Associate Professor Ian Welch and teaching fellow Matt Stevens will run cryptography workshops and cybersecurity advice for both staff and students at the National University of Samoa.

To help facilitate the projects, the group is installing ten wireless network points as part of a permanent wireless network at the university. They will also advise on cybersecurity issues.

“Having these units will open up new learning and teaching opportunities for the university,” Welch says.

But he warns that cybersecurity education is also a critical part of the project.

“With their new high speed internet connection they are vulnerable to cyber attacks, which could have devastating economic consequences.”

As part of a recommendation from Assistant Vice-Chancellor (Pasifika), Hon. Luamanuvao Winnie Laban, School manager Suzan Hall will lead a group responsible for travelling to schools around Samoa. The group will educate students and teachers about digital technologies.

“This project will strengthen our relationship with the National University of Samoa,” comments Luamanuvao Winnie Laban.

“Along with the other initiatives and partnerships we have in the region, this cybersecurity and digital education project is a wonderful opportunity for us to connect with our neighbours in the Pacific and play our part in helping our Pacific region to grow.”

Victoria University’s cybersecurity efforts don’t stop there. Its partnership with Wellington-based cybersecurity firm Cyber Toa led to the development of New Zealand’s first 100-level paper in cybersecurity.

The paper was developed to help fill the cybersecurity skills shortage, Welch says.

“We worked with industry to develop this paper to give students an understanding of the people, information, and processes behind cybersecurity and train the people needed to fill jobs in the cybersecurity industry,” he explains.

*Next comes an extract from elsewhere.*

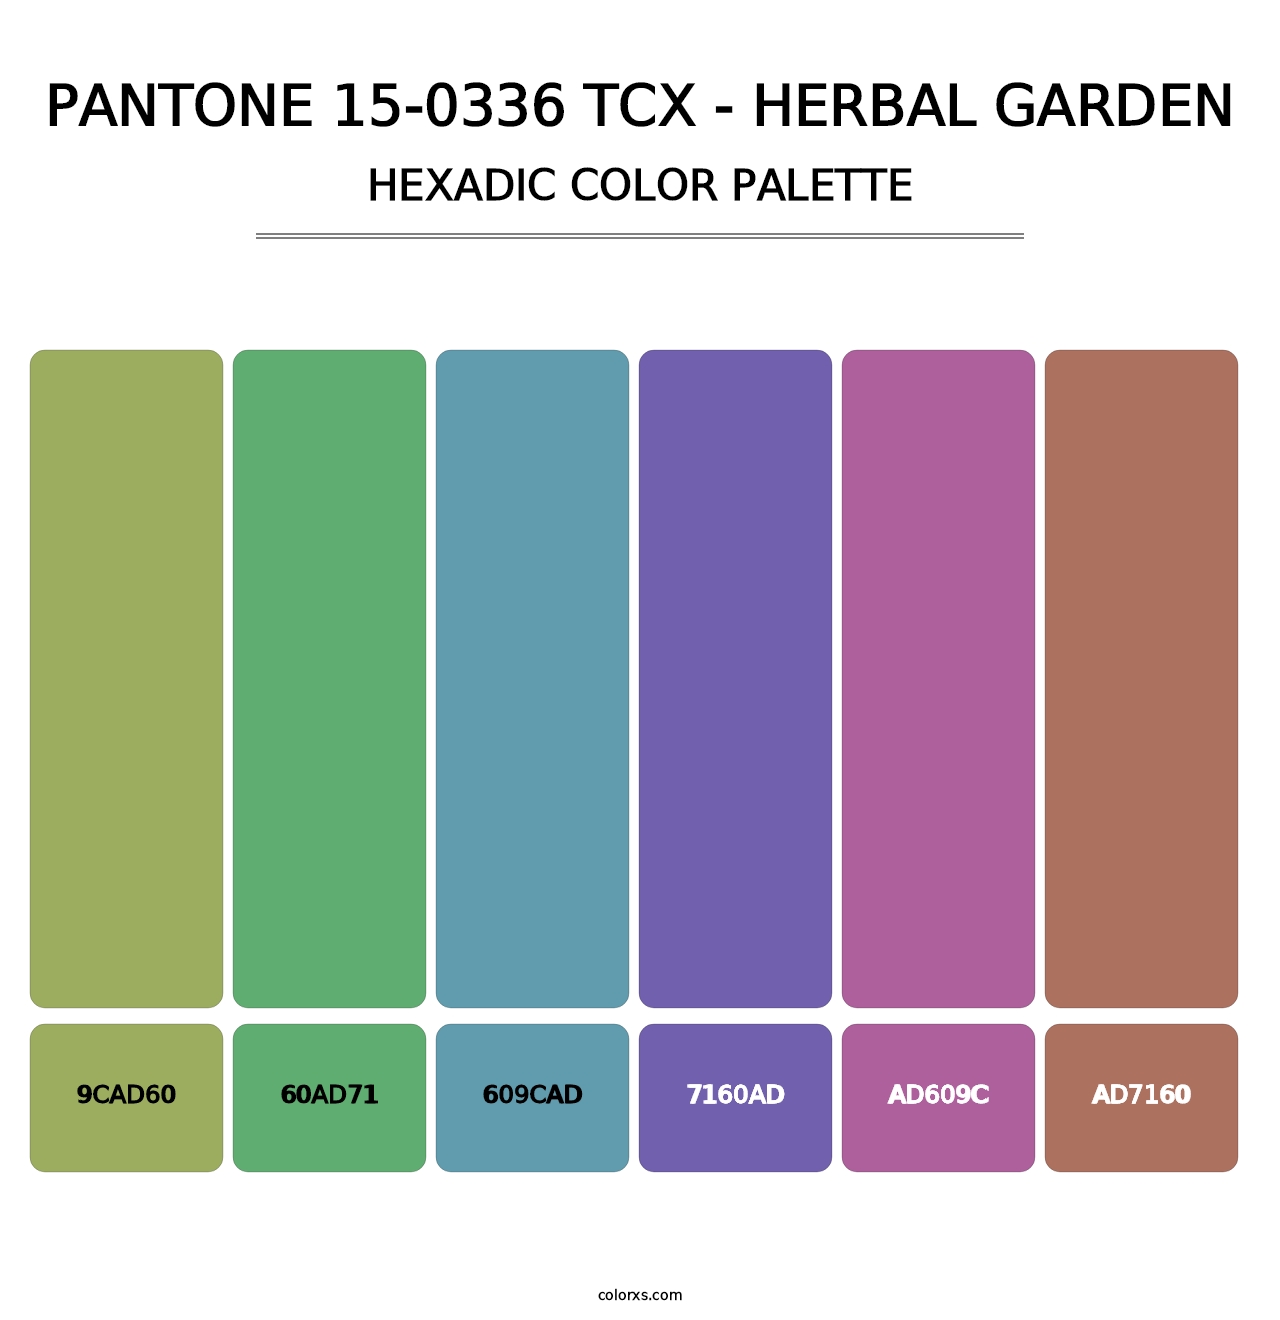 PANTONE 15-0336 TCX - Herbal Garden - Hexadic Color Palette

He says more than 400 students from disciplines including engineering, information systems, and law are taking the paper this year.

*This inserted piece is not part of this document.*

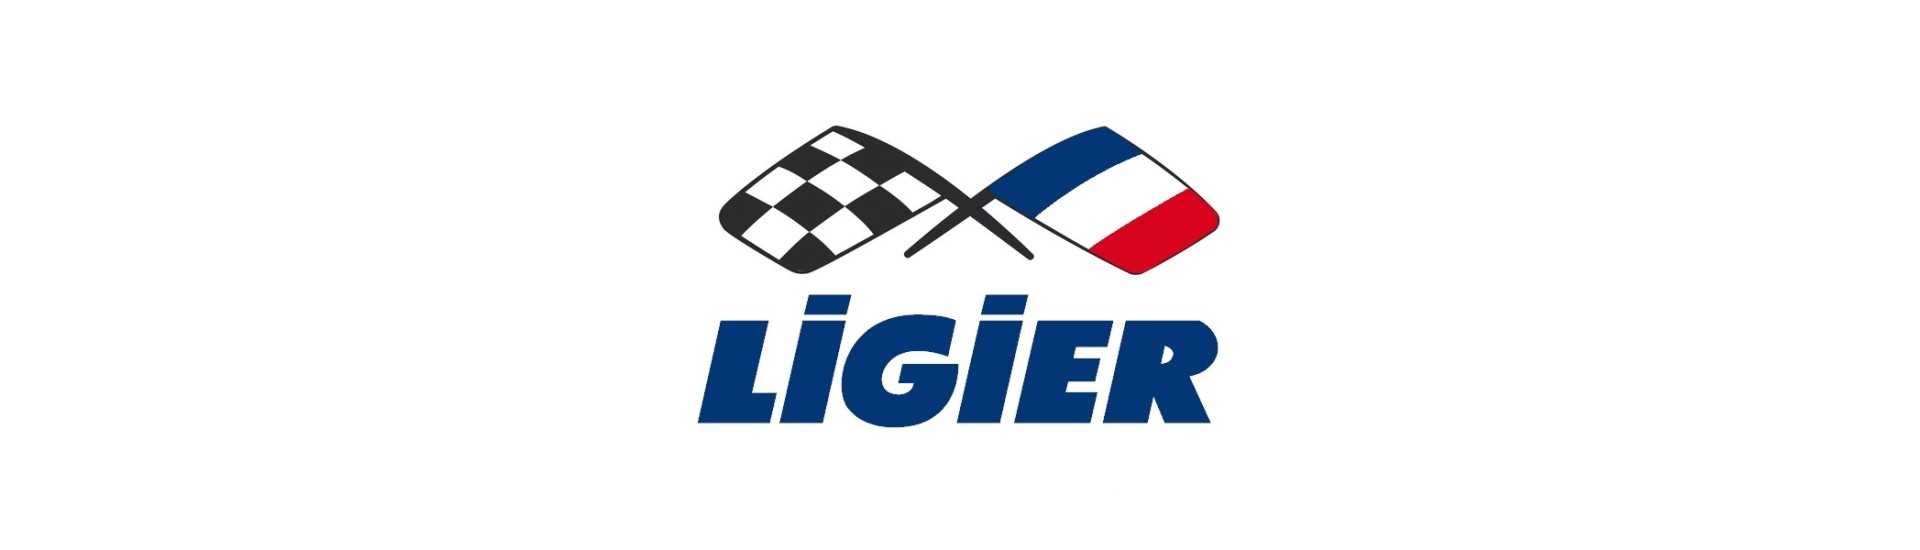 Phara și tuning la cel mai bun preț pentru mașină fără permis Ligier

“Our partnership with Victoria University helps us expand our business in the Pacific and improve cybersecurity training in that area. In turn, Victoria University has access to some of our international connections,” adds Cyber Toa cofounder Chris Ward.

Victoria University of Wellington has also been working on a number of industry partnerships and international work.

In partnership with Cyber Toa, the University offers cybersecurity education in Fiji. It has also worked on several joint research projects with Carnegie Mellon University, which also provides cybersecurity training.

Dale Carnegie, Dean of Victoria University’s School of Engineering, helped Cyber Toa connect with the University of the South Pacific, where they now teach four postgraduate courses

“We look forward to continuing to help our students gain these globally relevant skills,” Welch concludes.